As far as poetry goes, you will want to pick up Scott Cairns’s Lacunae: New Poems (Iron Pen, November) and Stephen Kampa’s World Too Loud to Hear: Poems (Able Muse, November).
In November, Knopf will publish the Collected Poems of Anthony Hecht (edited by Philip Hoy), which includes “late and uncollected work.” If you’re a fan of Hecht, you might want to pair this with the Yezzi biography.
Yale will bring out a selection of Thomas Hardy’s poems (edited by David Bromwich) in September.
Some other books of poetry to be aware of include: Kevin Prufer’s The Fears (Copper Canyon, October) and Shane McCrae’s The Many Hundreds of the Scent: Poems (Farrar, Straus and Giroux, October).
I don’t keep up with contemporary fiction enough to tell you who’s worth reading and who’s not. (Not that I am completely without opinion on the topic.) But I do feel obliged to at least inform you that Zadie Smith has a new novel out this fall. So, too, does Alice McDermott, Paul Auster, Teju Cole, J. M. Coetzee, Lauren Groff, and Karl Ove Knausgaard. We’re told the Knausgaard novel is “sprawling.” Who’d have guessed?

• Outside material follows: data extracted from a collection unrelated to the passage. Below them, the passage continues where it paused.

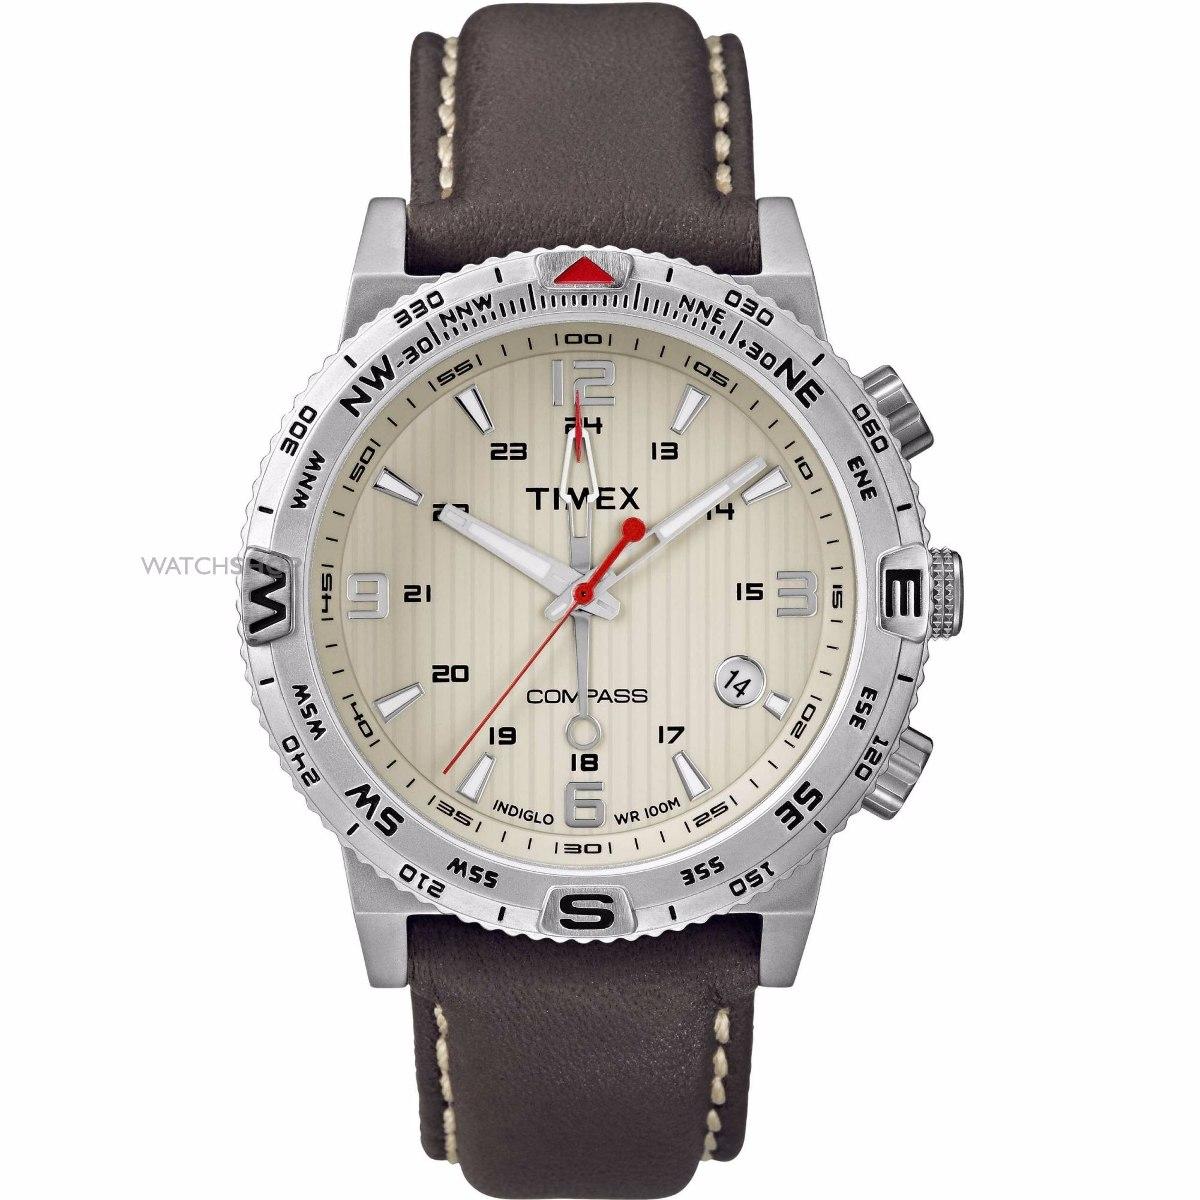 6c8069faced9 Reloj Timex Compass -   7.490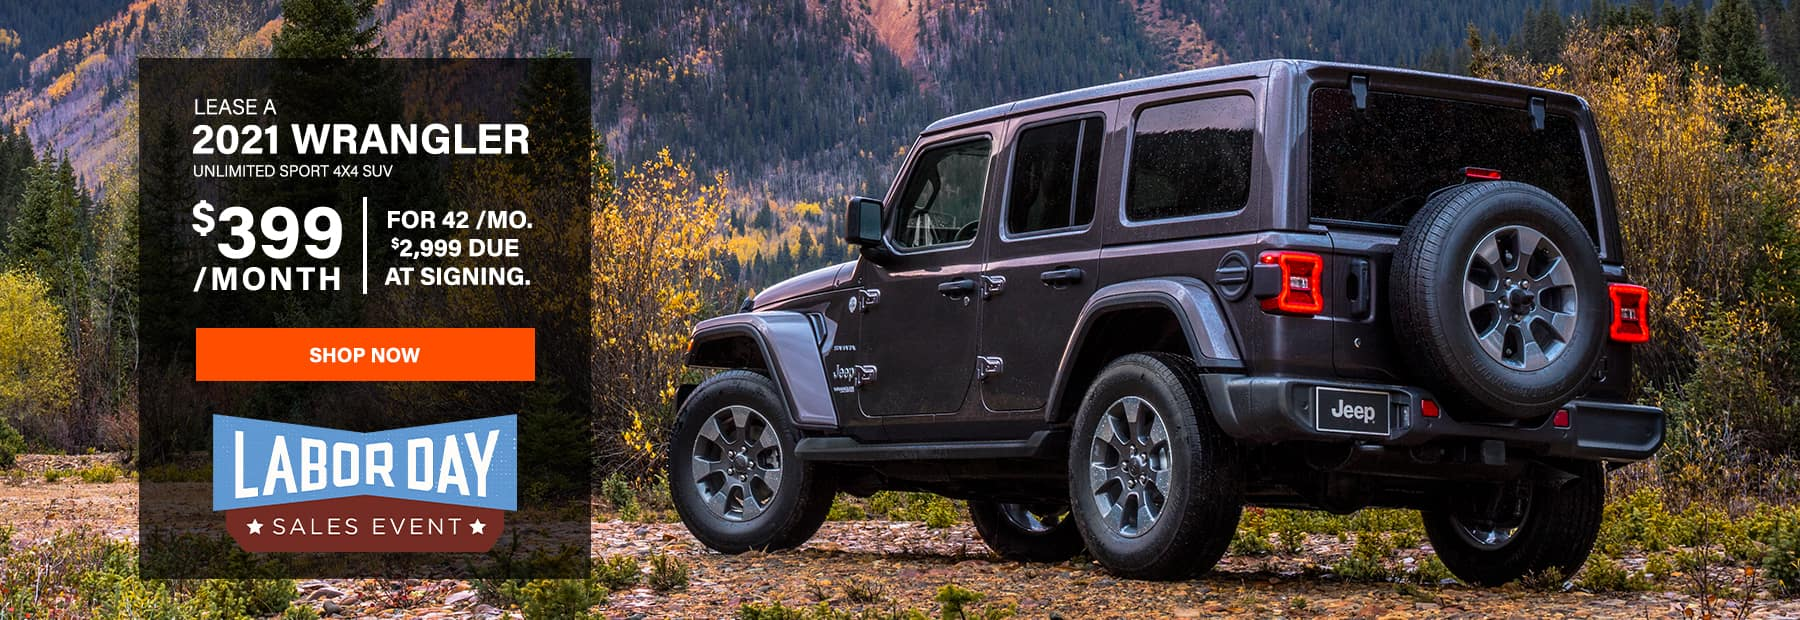 2021-09-02 Jeep Wrangler Desktop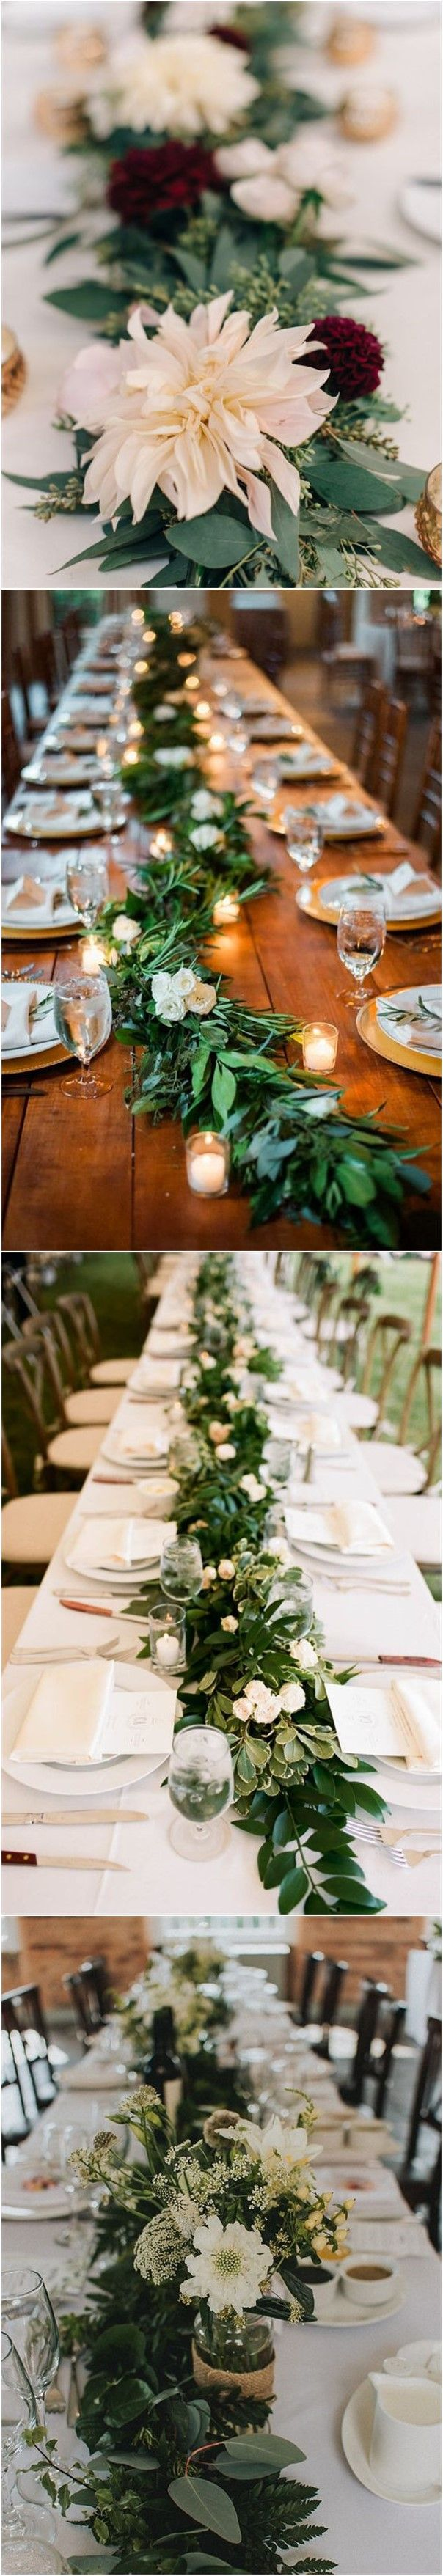 27 best wedding signage & paper goods images on Pinterest

I will leave it to John to make the fiction recommendations, though I will say that the new Cole novel, Tremor, sounds as bad as Open City: “A weekend spent antiquing is shadowed by the colonial atrocities that occurred on that land. A walk at dusk is interrupted by casual racism. A loving marriage is riven by mysterious tensions. And a remarkable cascade of voices speaks out from a pulsing metropolis . . . Tremor is a startling work of realism and invention that engages brilliantly with literature, music, race, and history as it examines the passage of time and how we mark it. It is a reckoning with human survival amidst ‘history’s own brutality, which refuses symmetries and seldom consoles,’ but it is also a testament to the possibility of joy.” History may be brutal, but is it more punishing than reading Cole?
No links today, folks. Thanks for reading, and hopefully there is something on this list that piques your interest.
I hope you don't miss this one, sadly no longer a fall, but a winter, release: https://www.amazon.com/Penguin-Greek-Latin-Lyric-Verse-ebook/dp/B09HMNMBPH/ref=sr_1_3?crid=2VW6Q4M4X6AQB&keywords=Childers+Penguin&qid=1689782152&s=books&sprefix=childers+penguin%2Cstripbooks%2C208&sr=1-3
Can't wait for Yezzi on Hecht!
Hecht's work is magnificent and I am pre-ordering this biography along with a few other things. You are right, the volume on Hecht alone likely will not get mainstream poetry attention (but it should).